Mites live all around the world, and many are pests, such as red spider mites, which attack plants, and sarcoptic mange mites, which cause skin disease in animals. House dust mites live off flakes of human skin and may trigger asthma and other allergies. Varroa mites (Varroa destructor) are parasites of honeybees and are causing destruction of honeybee colonies around the world.

Cheese mites live in cheese, grains, flour, cured meats and insect detritus. They are pearly white and 0.4-0.7 mm long. Cheese mites include Tyrolichus casei and Tyrophagus casei. Most cheese makers think of cheese mites as pests, because they change the flavour of cheese and leave behind a fine grey dust. They can also cause mild dermatitis (itching) and asthma. However, some cheese makers, who make kinds of cheese like Milbenkäse and Mimolette, introduce cheese mites on purpose to give the cheese a particular flavour.

The film thought to be the first ever science documentary was a one-minute silent movie of cheese mites, shown in a cinema in 1903.

Mites as Neighbours

Demodex mites live in and around the roots of hairs on humans and other mammals. Humans have mites living on their eyelashes, called eyelash mites, including Demodex folliculorum and Demodex brevis. These are very tiny, only about 0.3 to 0.4 mm long, and eat skin flakes and natural oil from the skin, called sebum.

Eyelash mites walk at about 8 to 16 cm/hour. Older people are more likely to have eyelash mites – they are seen in about 96 to 98% of elderly people. Eyelash mites are completely harmless unless there are an awful lot of them, when they might cause spots and itching. This is rare, and usually only happens in people who have problems with their immune systems.

Looking at Mites

To look at mites properly needs a microscope – even a small one will make it easier to see the tiny creatures.

Carefully remove an eyelash or an eyebrow hair, put it under the microscope, and look for eyelash mites. Are there more mites on an eyelash or eyebrow hair from an older person?

Take a small piece of a blue vein from blue cheese – there may be cheese mites in it.

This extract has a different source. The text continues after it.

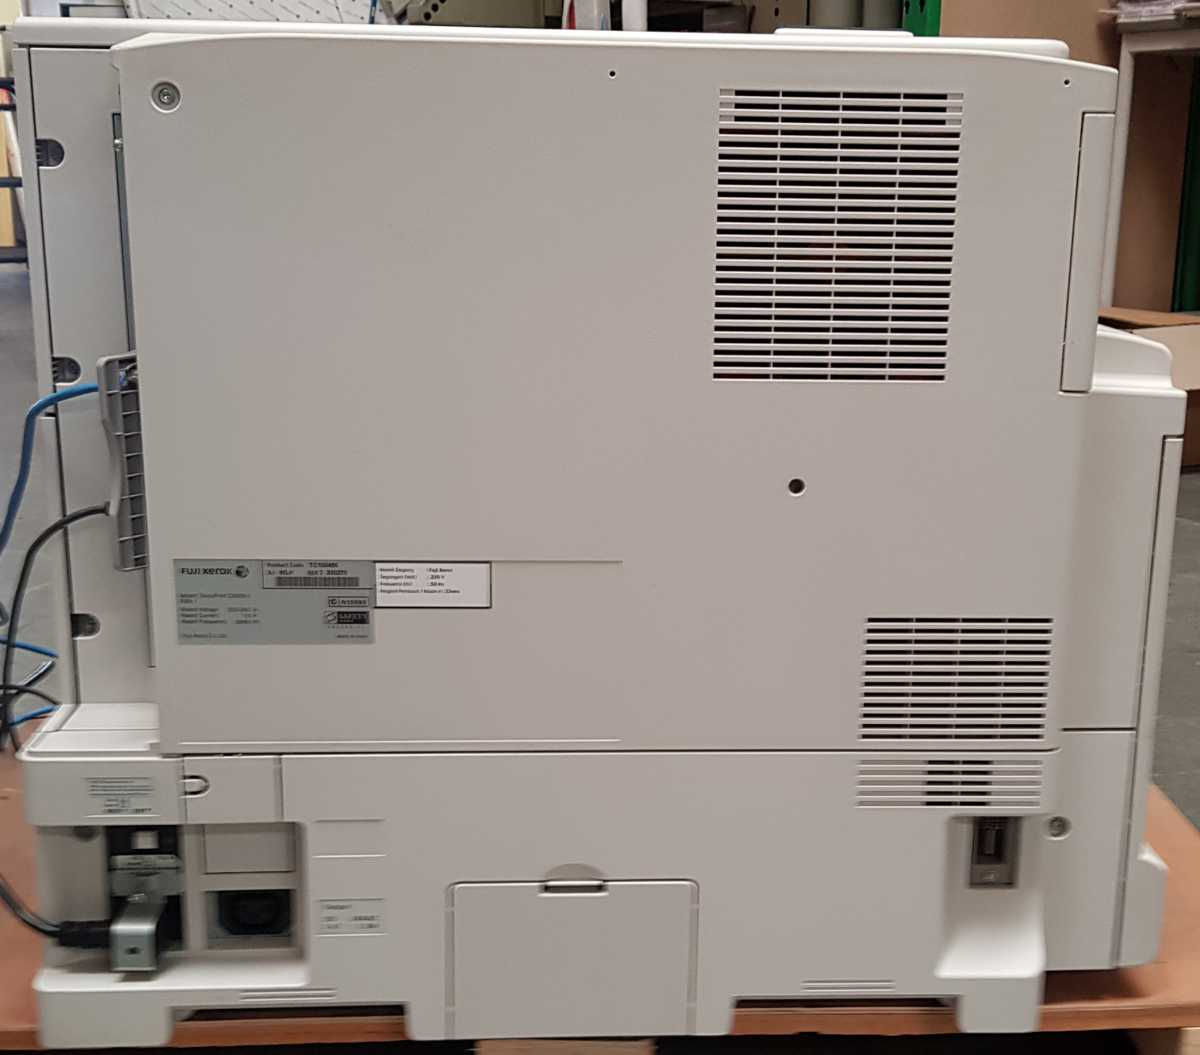 Xerox C5005d - back view

Bumblebees (Bombus terrestris) carry mites, including Parasitus fucorum. These are ‘commensals’, which means they live alongside the bees without causing any harm and eat rubbish that the bees leave behind. Watch out for bees pollinating flowers (carefully – female bumblebees can sting if you upset them) and see if they are carrying any mites.

Red spider mites (Tetranychus urticae) live on garden plants, including vegetable plants roses. They are about 0.5 mm long, and are greenish brown in the summer and red in the winter, so look for tiny red spots.